• **Problem statement**: Copy the data verbatim and leave out every picture.
-- Data follows --
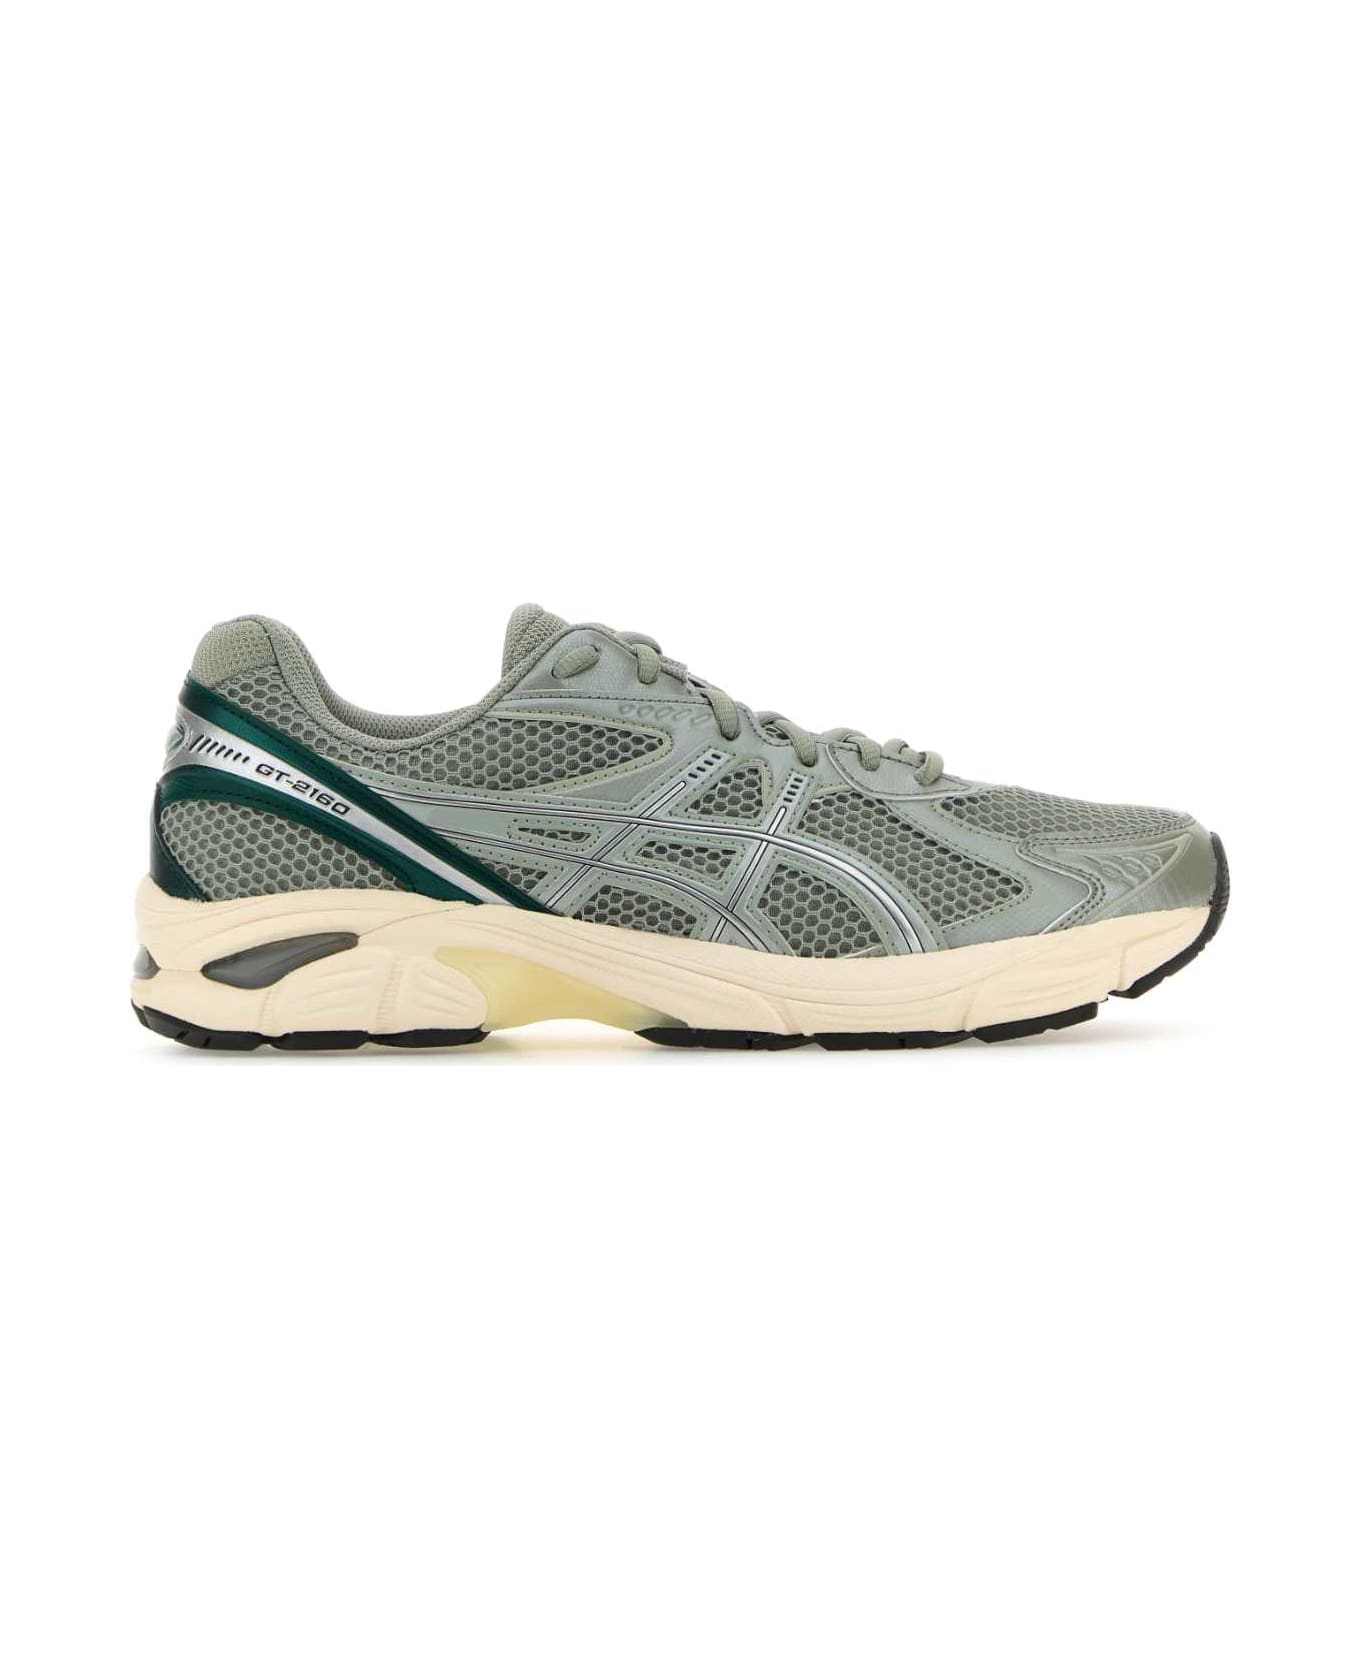 Asics Multicolor Mesh And Synthetic Leather Gt-2160 Sneakers - SEALGREYJEWELGREEN スニーカー
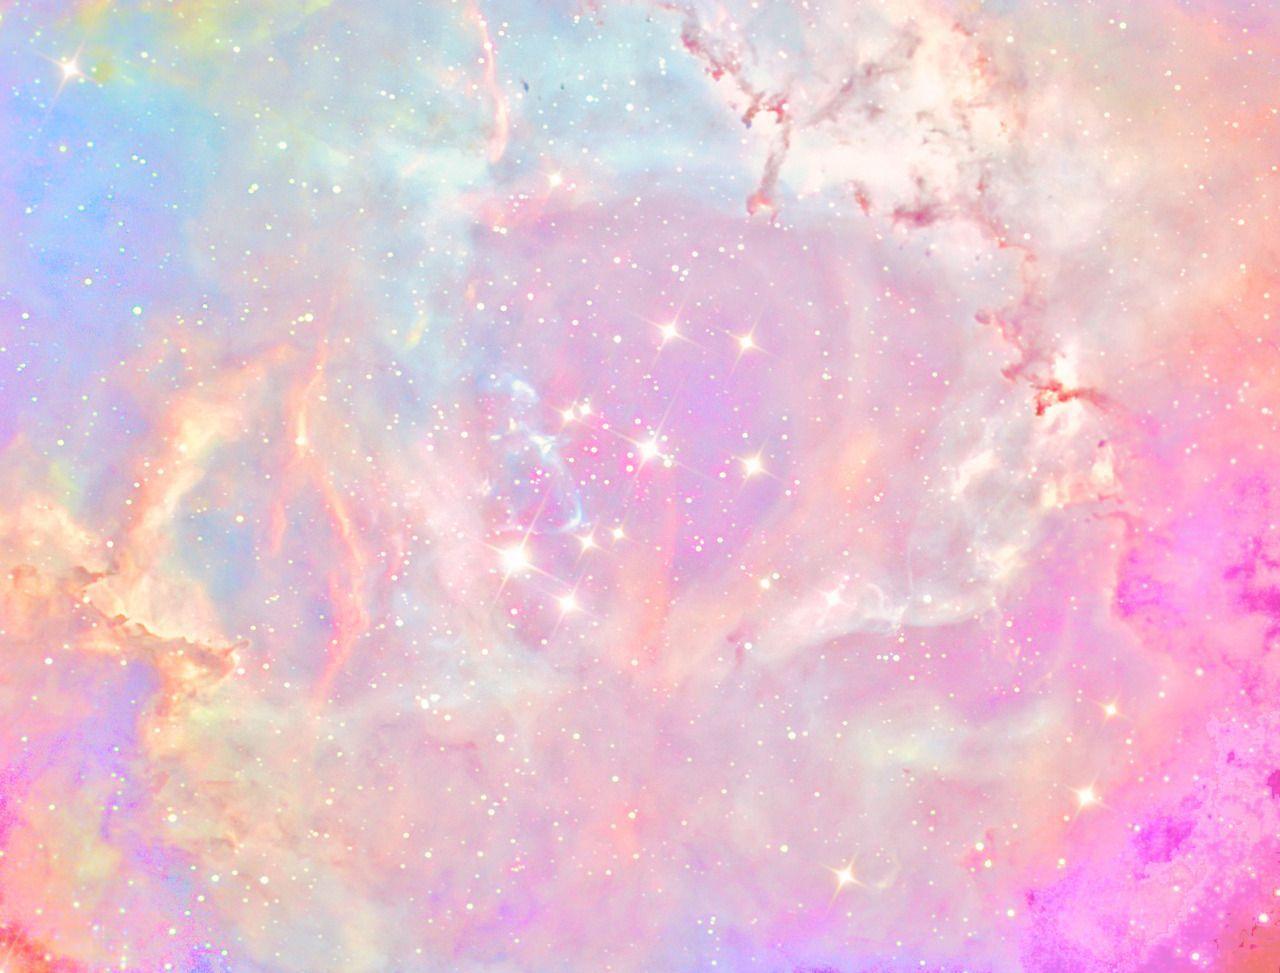 Pastel Galaxy Computer Wallpapers Top Free Pastel Galaxy Computer Backgrounds Wallpaperaccess About galaxy, sky, star, space and purple 2336384. pastel galaxy computer wallpapers top
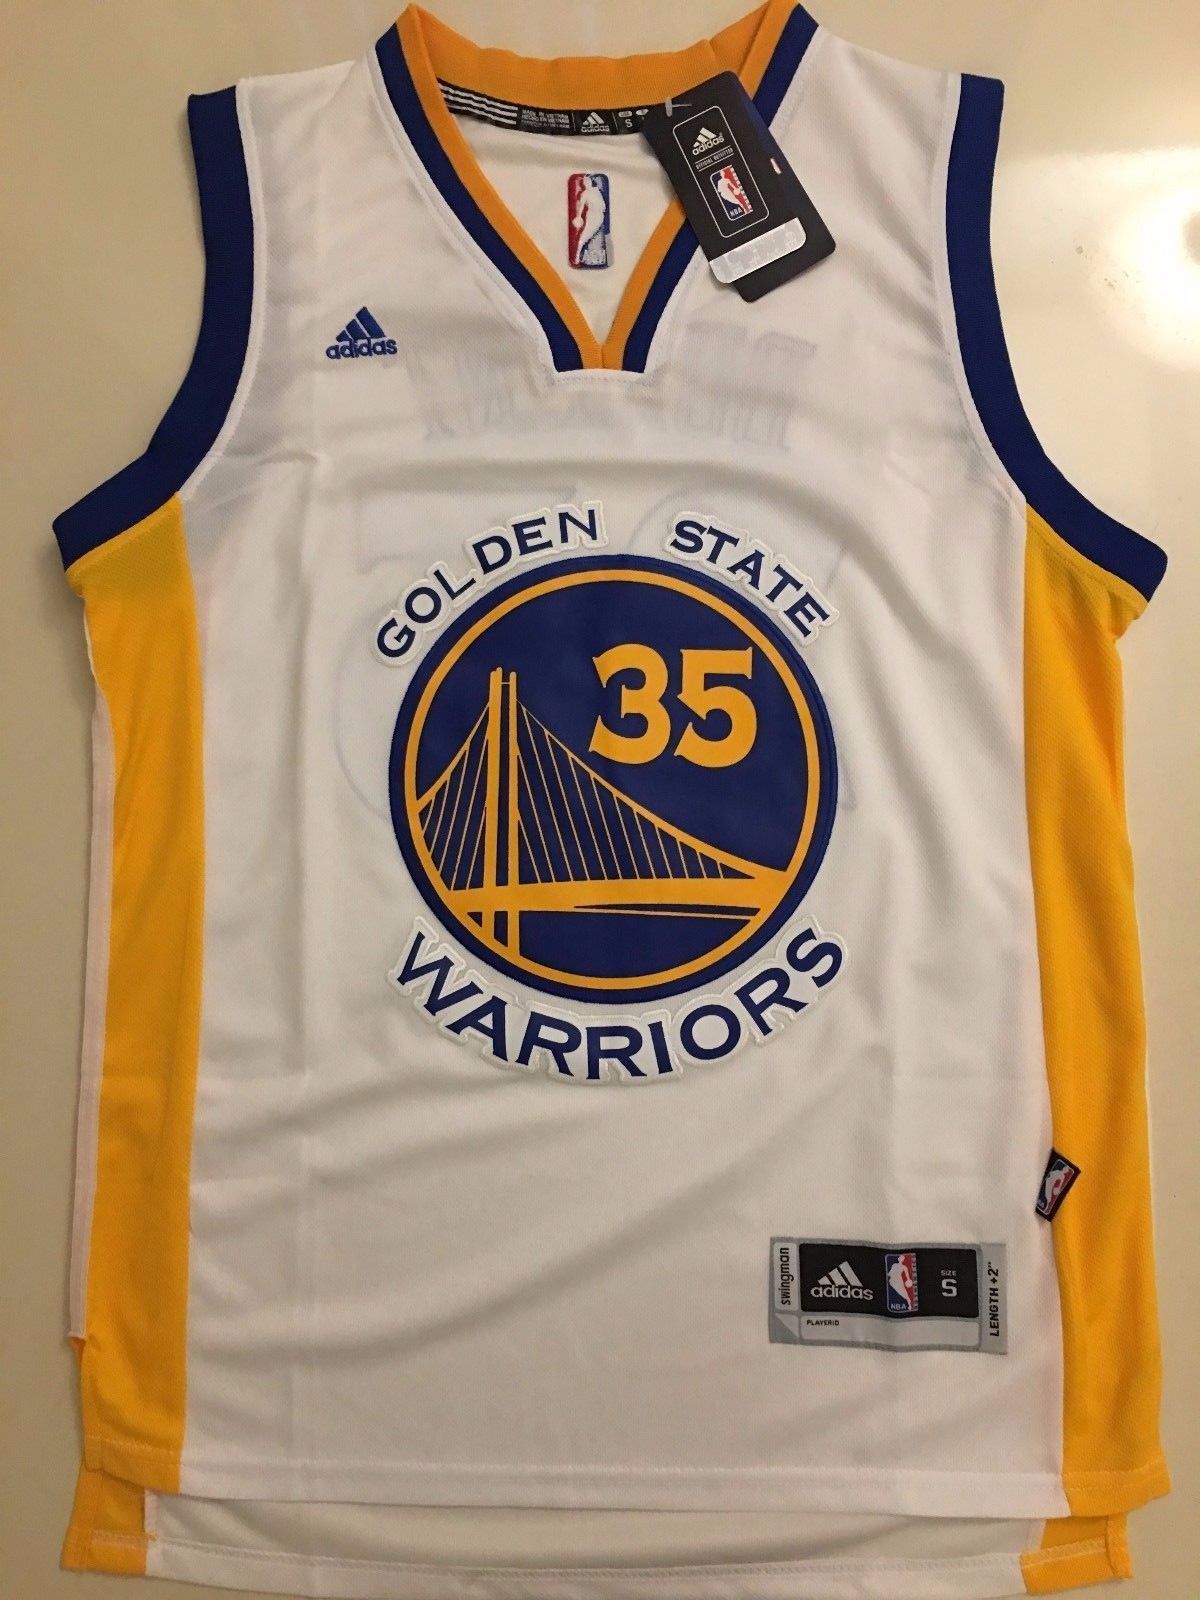 where can i buy a kevin durant jersey
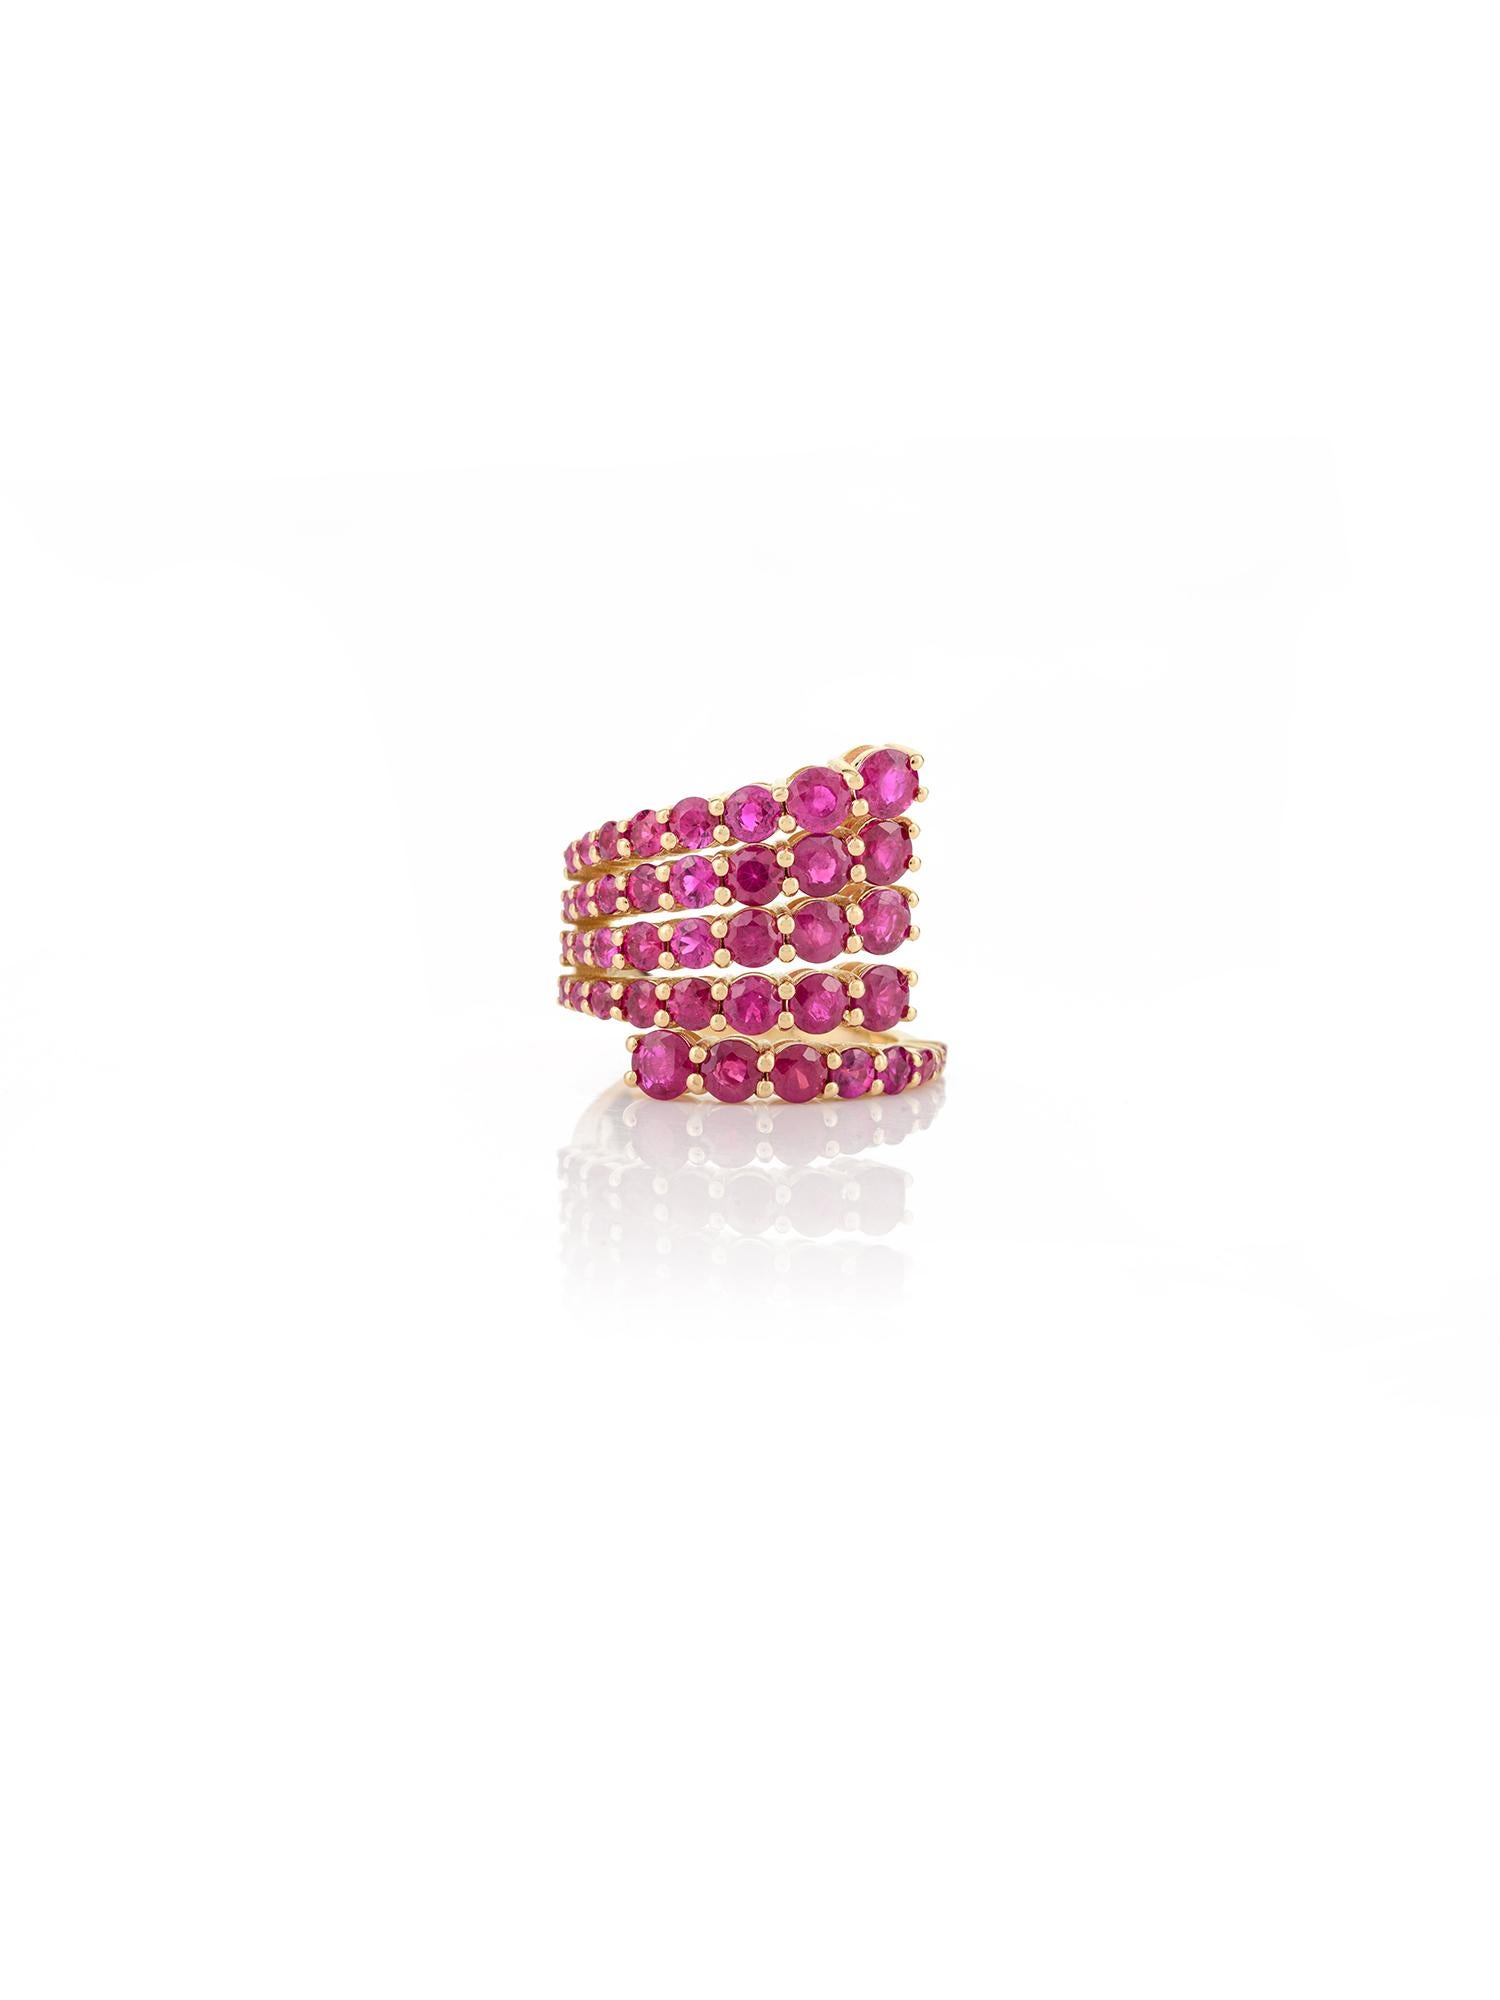 For Sale:  18k Yellow Gold Designer Multi Wrap 5.1 CTW Ruby Cocktail Ring Gift for Women 7
-- Data concluded --
• **Output for this exercise**:
 Asics Multicolor Mesh And Synthetic Leather Gt-2160 Sneakers - SEALGREYJEWELGREEN スニーカー
 Pastel Galaxy Computer Wallpapers Top Free Pastel Galaxy Computer Backgrounds Wallpaperaccess About galaxy, sky, star, space and purple 2336384. pastel galaxy computer wallpapers top
 where can i buy a kevin durant jersey
 For Sale:  18k Yellow Gold Designer Multi Wrap 5.1 CTW Ruby Cocktail Ring Gift for Women 7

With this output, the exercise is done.